Provided information »

┌──

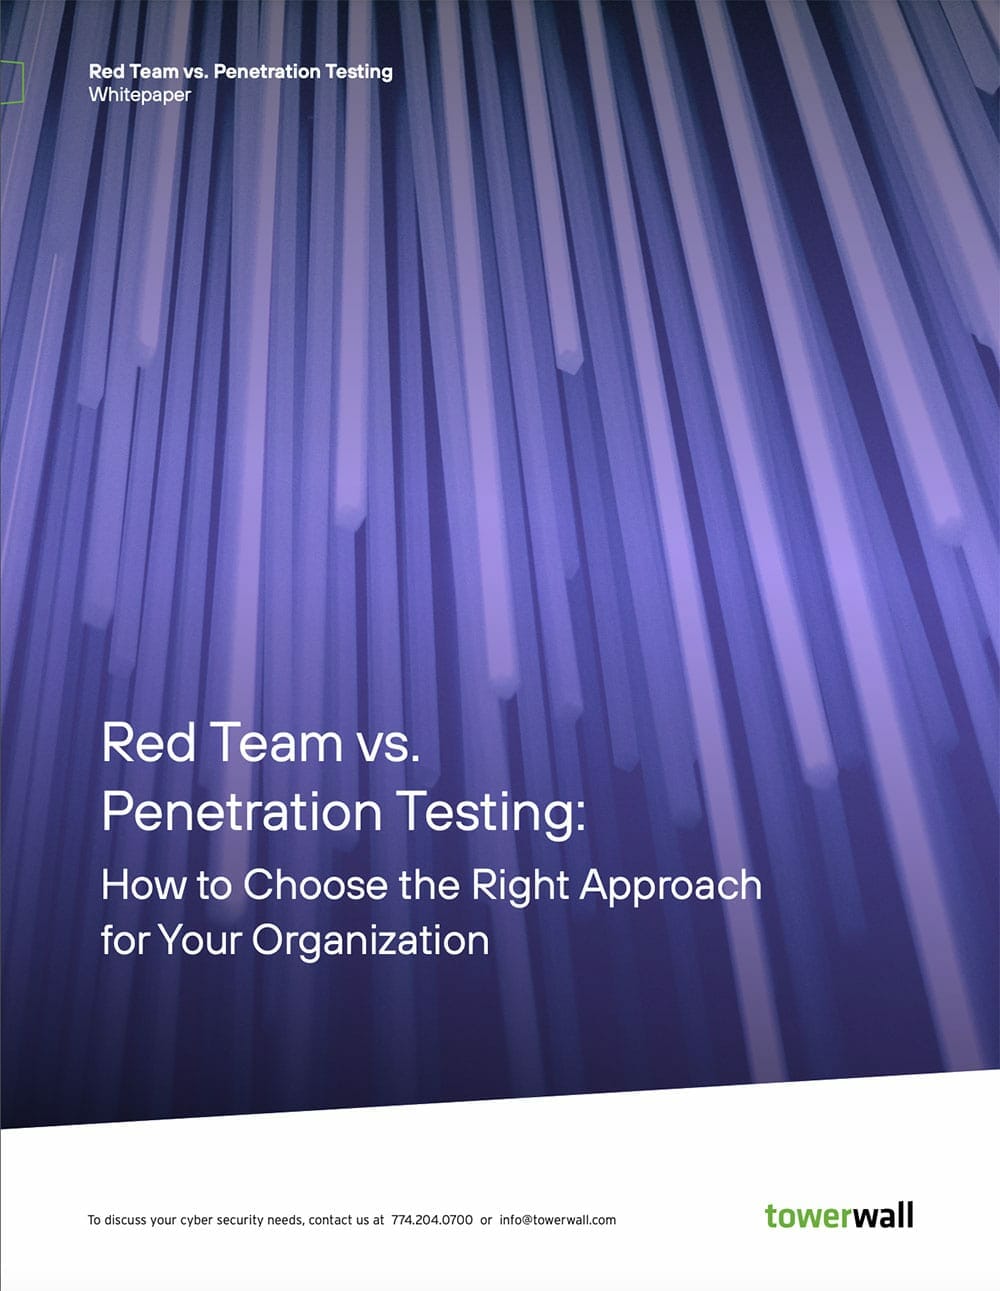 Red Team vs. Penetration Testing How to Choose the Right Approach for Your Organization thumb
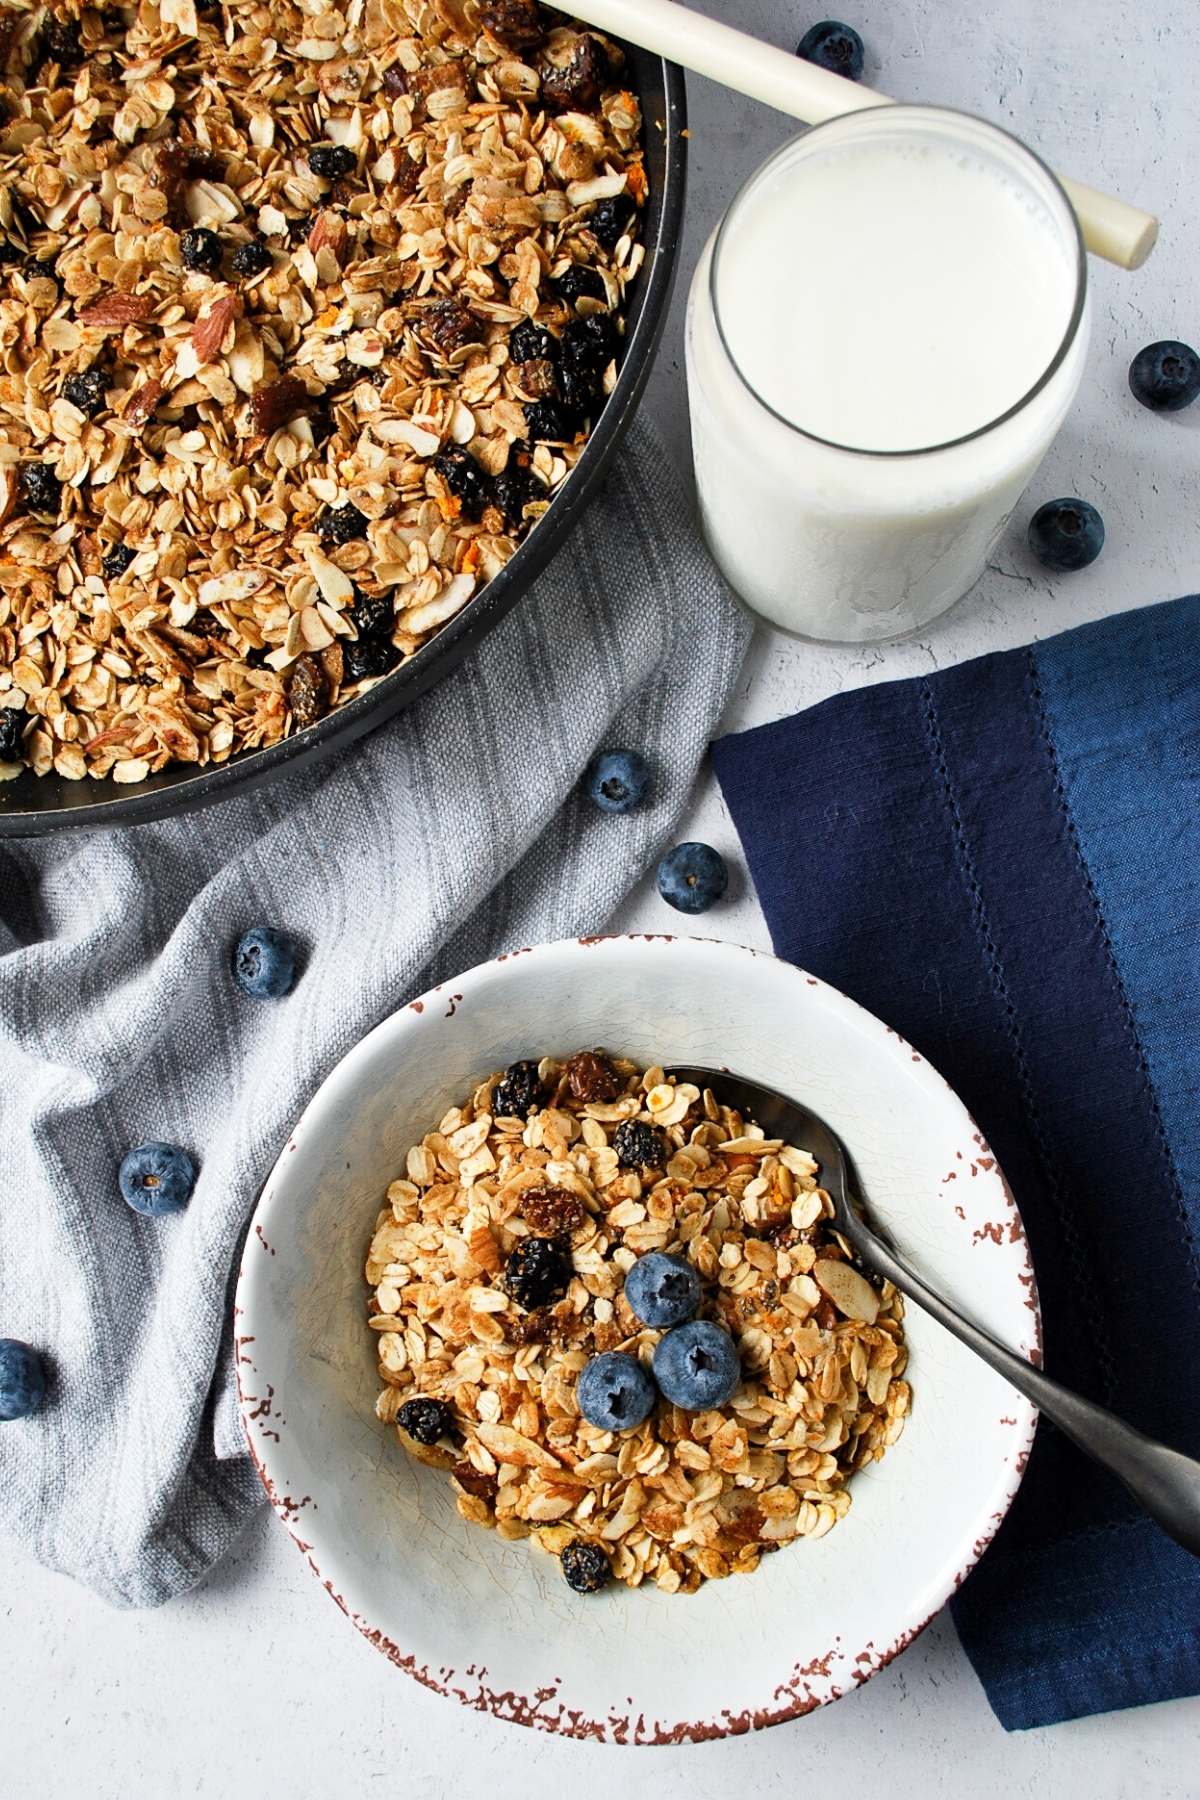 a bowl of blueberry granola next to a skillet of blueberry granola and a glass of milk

└──
┌──

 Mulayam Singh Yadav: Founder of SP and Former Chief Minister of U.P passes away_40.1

└──

Exercise »
Above are the records; copy exactly the lines from the one with "Red Team vs." through the one with "a bowl of blueberry", including both, and nothing more. Leave out pictures.

Response below »
 Red Team vs. Penetration Testing How to Choose the Right Approach for Your Organization thumb
 a bowl of blueberry granola next to a skillet of blueberry granola and a glass of milk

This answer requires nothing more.